Ettore Messina ha annunciato il suo addio all’EA7 Olimpia Milano durante un consiglio di Eurolega chiudendo il rapporto con il club dopo sette anni tra panchina e dirigenza a Milano.
La separazione conclude un ciclo vincente e apre una fase di transizione per l’EA7, che dovrà definire assetto tecnico e organizzativo dopo l’uscita di una figura centrale del progetto. Ultimo aggiornamento: 29 giugno 2026.
Dal campo alla scrivania: dimissioni e permanenza in dirigenza
Il percorso recente ha visto Messina lasciare la guida tecnica lo scorso novembre quando ha rassegnato le dimissioni da capo allenatore pur restando nell’organigramma come dirigente. La scelta ha rappresentato un passaggio dalla gestione del parquet alla definizione della strategia sportiva mantenendo continuità nelle decisioni su roster e staff. L’annuncio al consiglio di Eurolega ha segnato la conclusione anche del ruolo dirigenziale, ponendo fine a ogni legame operativo con il club.
Il contesto dell’addio è istituzionale e condiviso con gli altri club europei, a conferma del peso della figura di Messina nello scenario continentale. La decisione, maturata dopo mesi in area manageriale, è stata presentata come avvio di una nuova fase professionale, con la prospettiva di una nuova avventura al di fuori dell’Olimpia, senza dettagli ufficiali sui prossimi incarichi.
Sette anni e 10 trofei: il bilancio dell’era Messina
Nel settennato di Messina, l’EA7 ha conquistato 10 trofei tra cui 4 scudetti rafforzando lo status nazionale del club. I risultati si sono inseriti nella tradizione vincente dell’Olimpia, che nella sua storia può contare 32 titoli italiani. L’apporto è stato duplice: costruzione di roster competitivi e impostazione di processi interni per sostenere continuità e rendimento nelle principali competizioni.

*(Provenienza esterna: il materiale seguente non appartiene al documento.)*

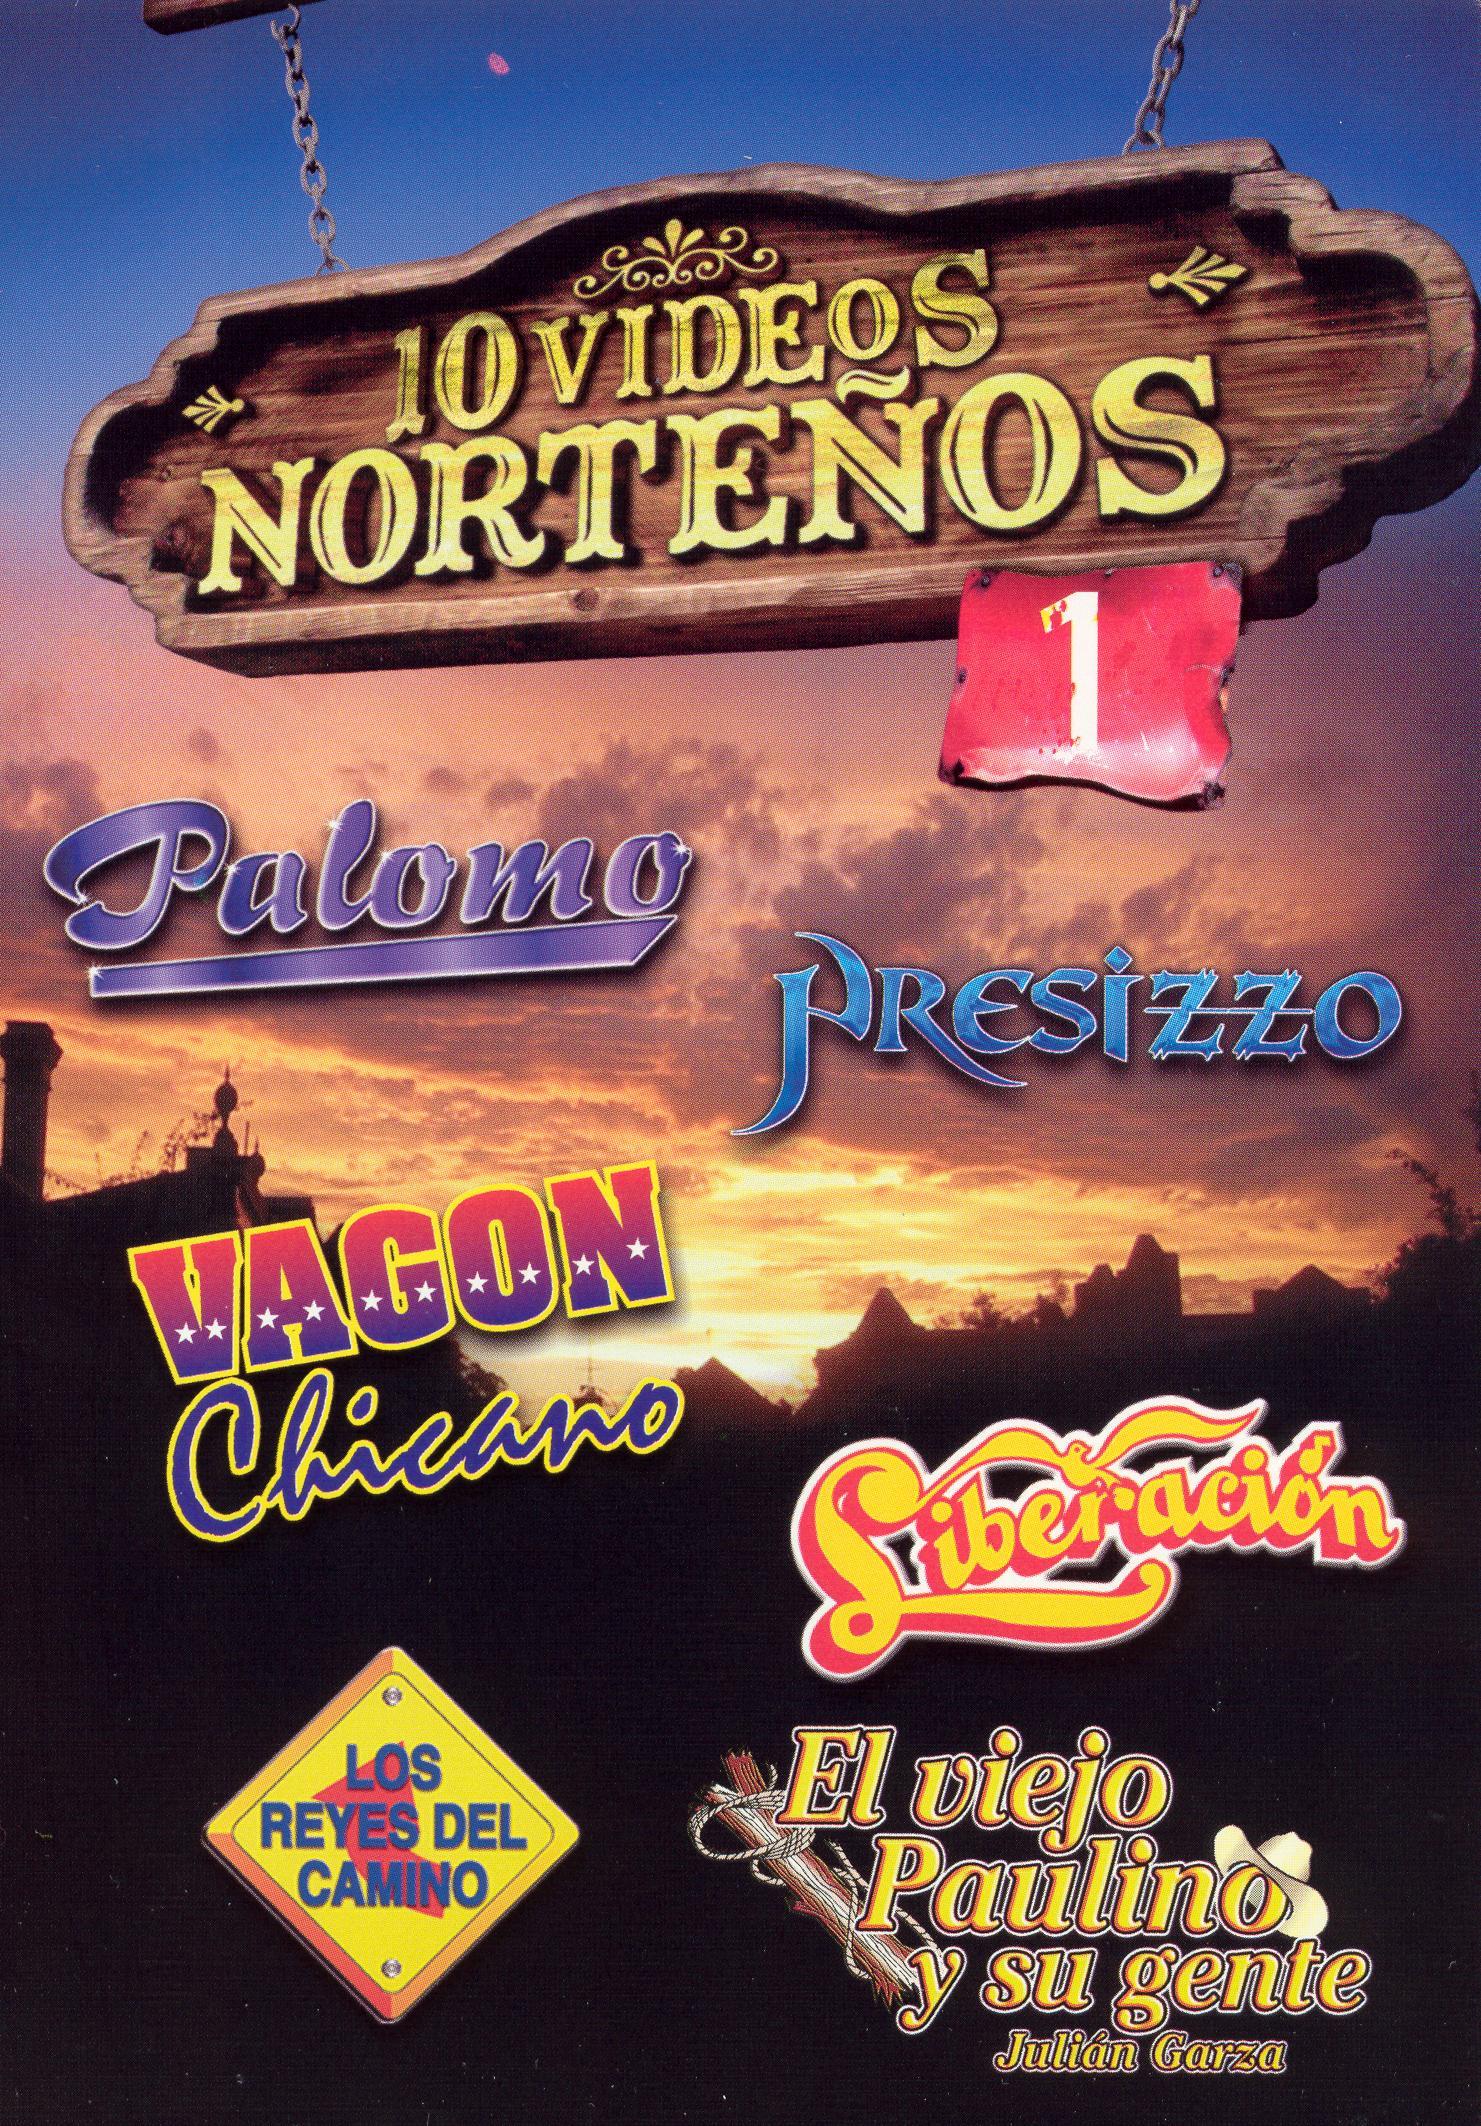 10 Videos Nortenos, Vol. 1
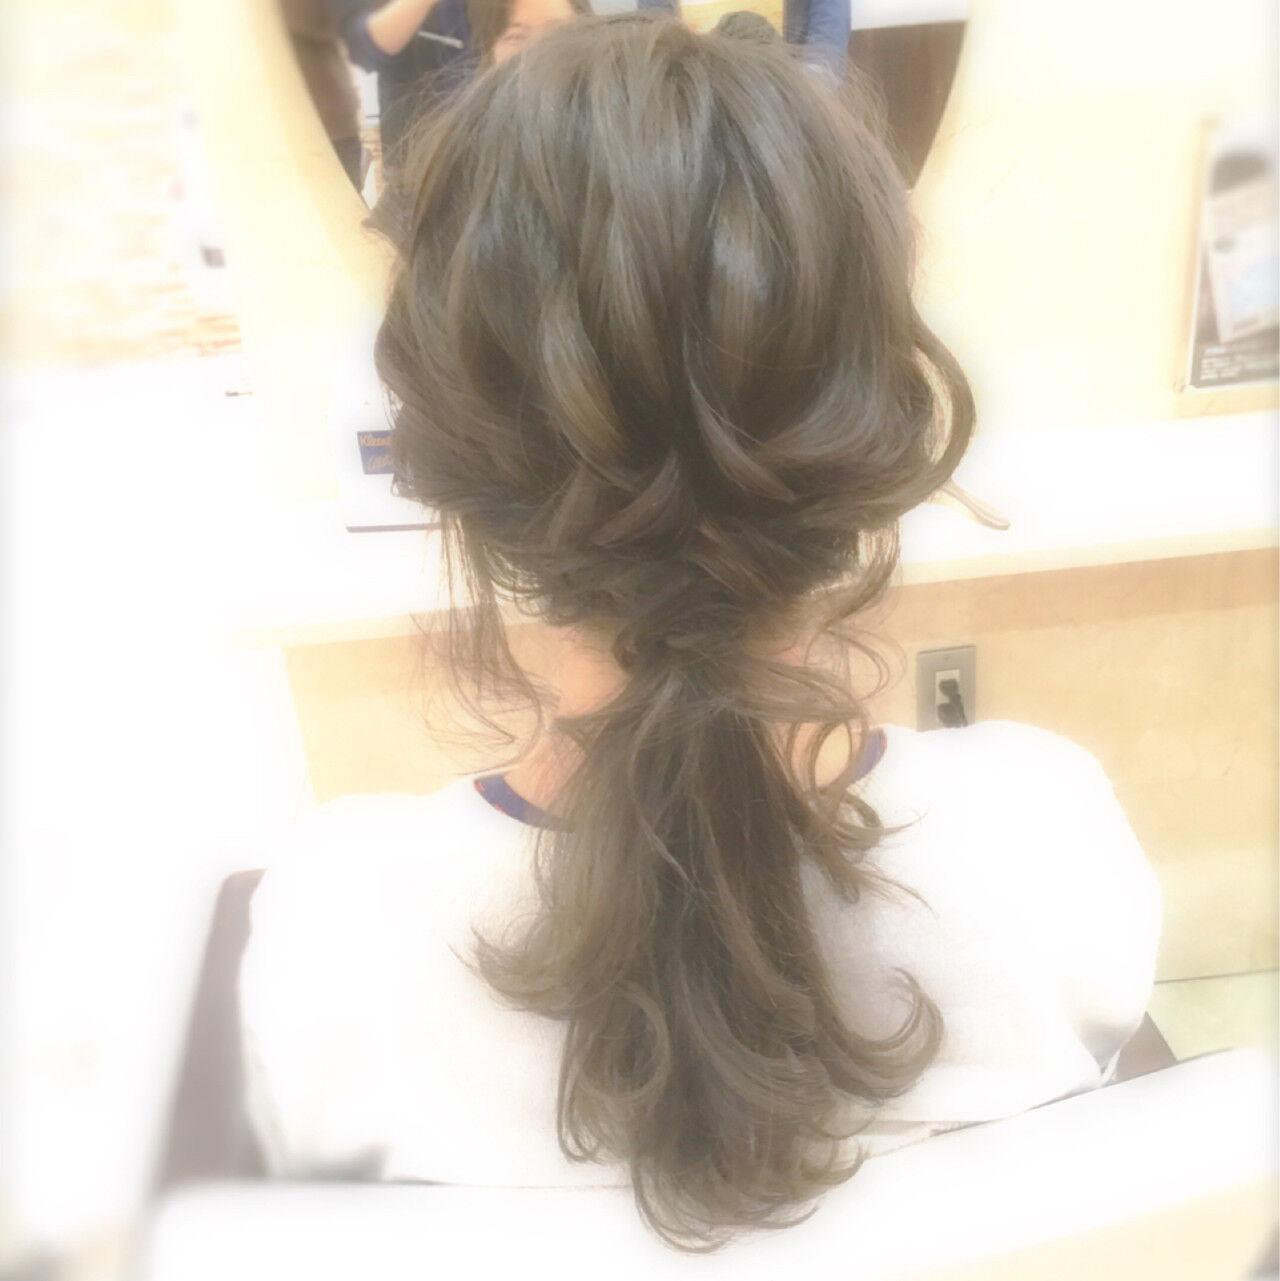 イルミナカラー 大人かわいい ロング ローポニーテールヘアスタイルや髪型の写真・画像

La regia tecnica prima e quella dirigenziale poi hanno favorito una gestione integrata dello spogliatoio, della pianificazione del mercato e della valorizzazione del personale. La squadra ha mantenuto ambizioni su più fronti, con un’identità basata su disciplina, attenzione ai dettagli e programmazione pluriennale. Sul piano europeo, la presenza costante ai massimi livelli ha consolidato la reputazione dell’Olimpia come realtà stabilmente competitiva.
Impatto organizzativo e scelte per il dopo
La presenza di Messina ha inciso sulla catena decisionale del club, dalla gestione delle risorse tecniche alla definizione delle linee guida per staff e settore giovanile. Il suo prolungamento in dirigenza dopo le dimissioni ha garantito continuità al progetto nel corso della stagione, limitando contraccolpi operativi. Con la separazione ufficializzata al consiglio di Eurolega, l’EA7 deve ora ridefinire ruoli e responsabilità interne, valutando se proseguire sul tracciato impostato o aprire a nuove direttrici.
La scelta del successore, o di una diversa configurazione manageriale, avrà effetti su pianificazione del roster metodo di lavoro e approccio al mercato. Le priorità immediate includono la salvaguardia degli standard competitivi raggiunti e la gestione dell’inevitabile fase di transizione, affinché il patrimonio di competenze e risultati non venga disperso.
Reazioni attese e prospettive per club e tecnico
La notizia ha richiamato l’attenzione della piazza milanese, degli addetti ai lavori e del movimento cestistico, perché segna la chiusura di un riferimento organizzativo e tecnico. Senza Messina nella struttura, si apre una finestra per ricalibrare processi, responsabilità e tempi del rinnovamento, con l’obiettivo di mantenere il livello mostrato negli ultimi anni in ambito nazionale ed europeo. La comunità sportiva guarda alla capacità dell’Olimpia di coniugare continuità e aggiornamento nelle prossime scelte.
Per Messina, l’uscita da Milano archivia un capitolo professionale caratterizzato da risultati misurabili e dalla centralità nella governance sportiva del club. La decisione di intraprendere una nuova avventura apre scenari su futuri incarichi, senza dichiarazioni ufficiali sui dettagli. Il dato consolidato resta il bilancio dei sette anni: 10 trofei complessivi, 4 scudetti e un impatto strutturale che ha inciso sull’identità competitiva dell’EA7.